For me the first that come to mind are:
Every Morning of the World (about Marin Marais)
Impromptu (Chopin)


----------



## Lukecash12

I don't know why (the incorrect use of the word song irritates the **** side of my personality), but I always loved that film *"A Song to Remember"*, loosely based off of Chopin. You might say it was my Disney kind of experience growing up to watch films like that.


----------



## Edward Elgar

Has anyone seen the French film, "The Piano Teacher"? I just saw it this evening, good film, but quite sick! It was an interesting juxtoposition placing beauty and culture next to sickness and perversion. I'd recommend it, but please, rental only!


----------



## handlebar

I agree that "Tous les Matins du Monde" is a delightful film as well as "Impromptu","Le Maitre du Musique"(The Music Teacher with Jose Van Dam,etc)and "Amadeus".

"A Song to remember" and " A Song without end" are both good albeit older.

Even though I adore her playing and vintage films, the DuPre film was a waste of time.
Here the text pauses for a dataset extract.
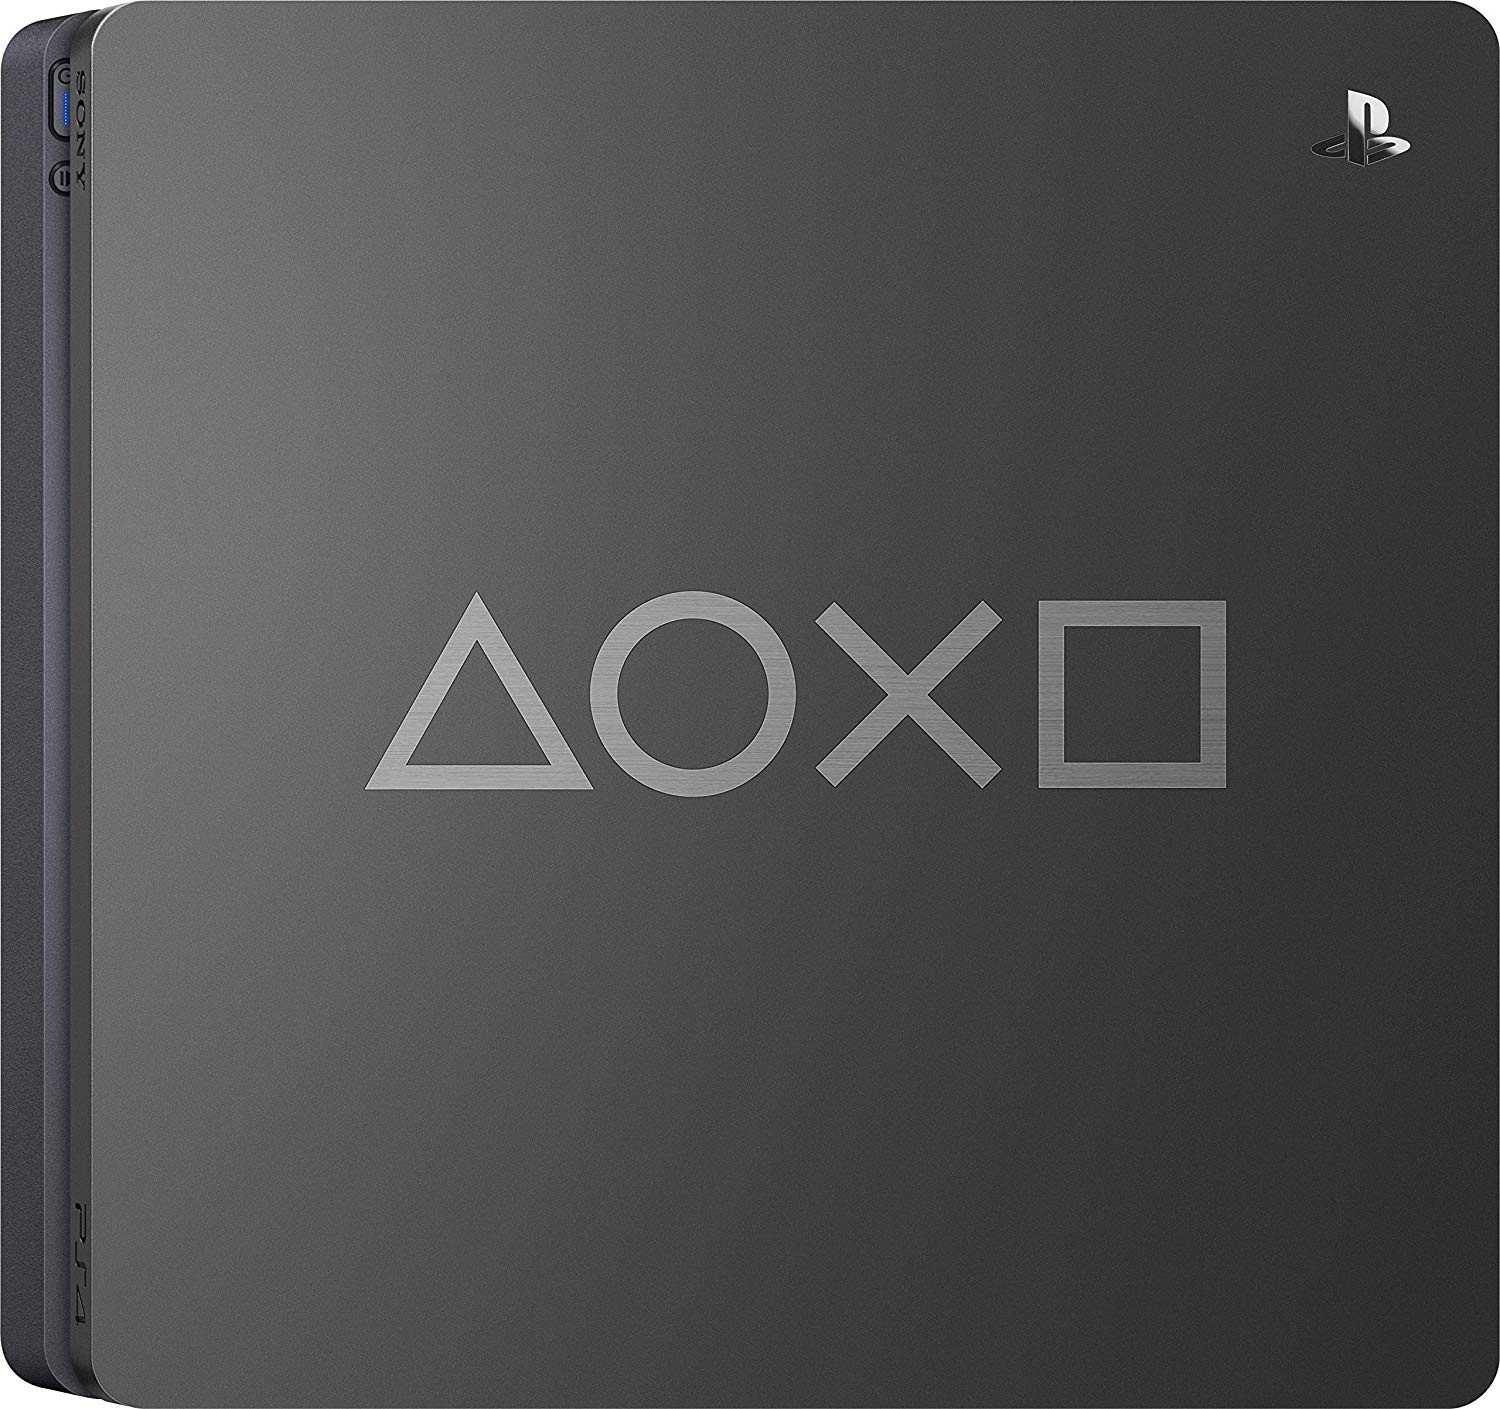 PlayStation 4 Slim 500GB Days of Play Limited Edition  - PlayStation 4 Gépek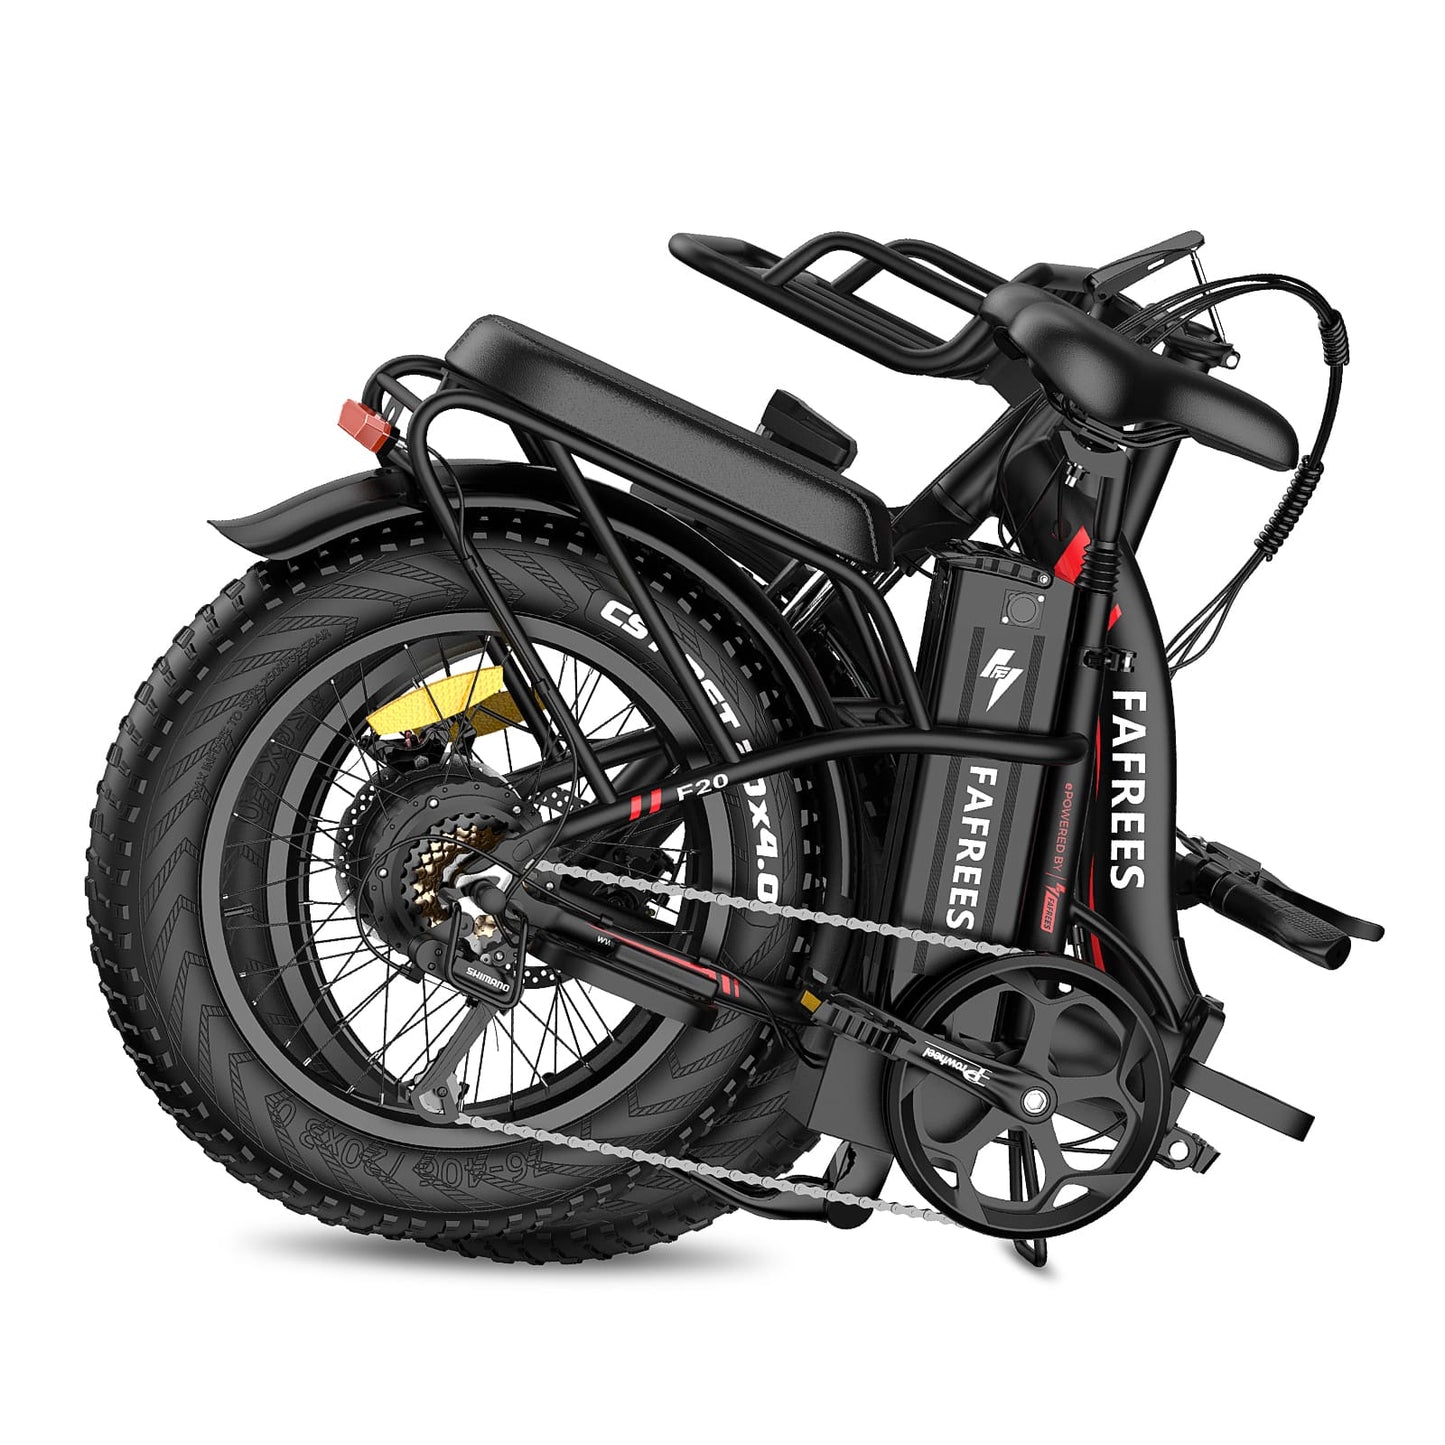 FAFREES F20 Max E-Bike 500W Faltbares elektrisches Citybike

"Wagner" was actually well done as regards cinematography,soundtrack and supporting cast. Well worth seeing for the actors portraying Liszt,Meyerbeer and various others.

Jim


----------



## The Cosmos

Impromptu and Amadeus (scared me quite a bit when I was young) are well worth watching! Those are the only one's I know of about classical composers unfortunately . Otherwise, you could try Walk the Line (Johnny cash), Control (Ian Curtis) and Ray (Ray Charles). There are a couple more general music-related films, but my brain doesn't seem to remember.


----------



## SalieriIsInnocent

Amadeus and Immortal Beloved are my favorites. I didn't like Copying Beethoven because Gary Oldman was so much better at playing the maestro.


----------



## Lukecash12

Immortal Beloved was nice, I agree.


----------



## SalieriIsInnocent

Lukecash12 said:


> Immortal Beloved was nice, I agree.


As far as being 100% historically correct, it isn't completely true. But I feel that Gary Oldman did an amazing job. Now when I read biographies of Beethoven I see him in Gary's likeness LOL. Sadly enough I see Tom Hulce when I read biographies of Mozart.


----------



## audiophilia

Amadeus
Walk the Line


----------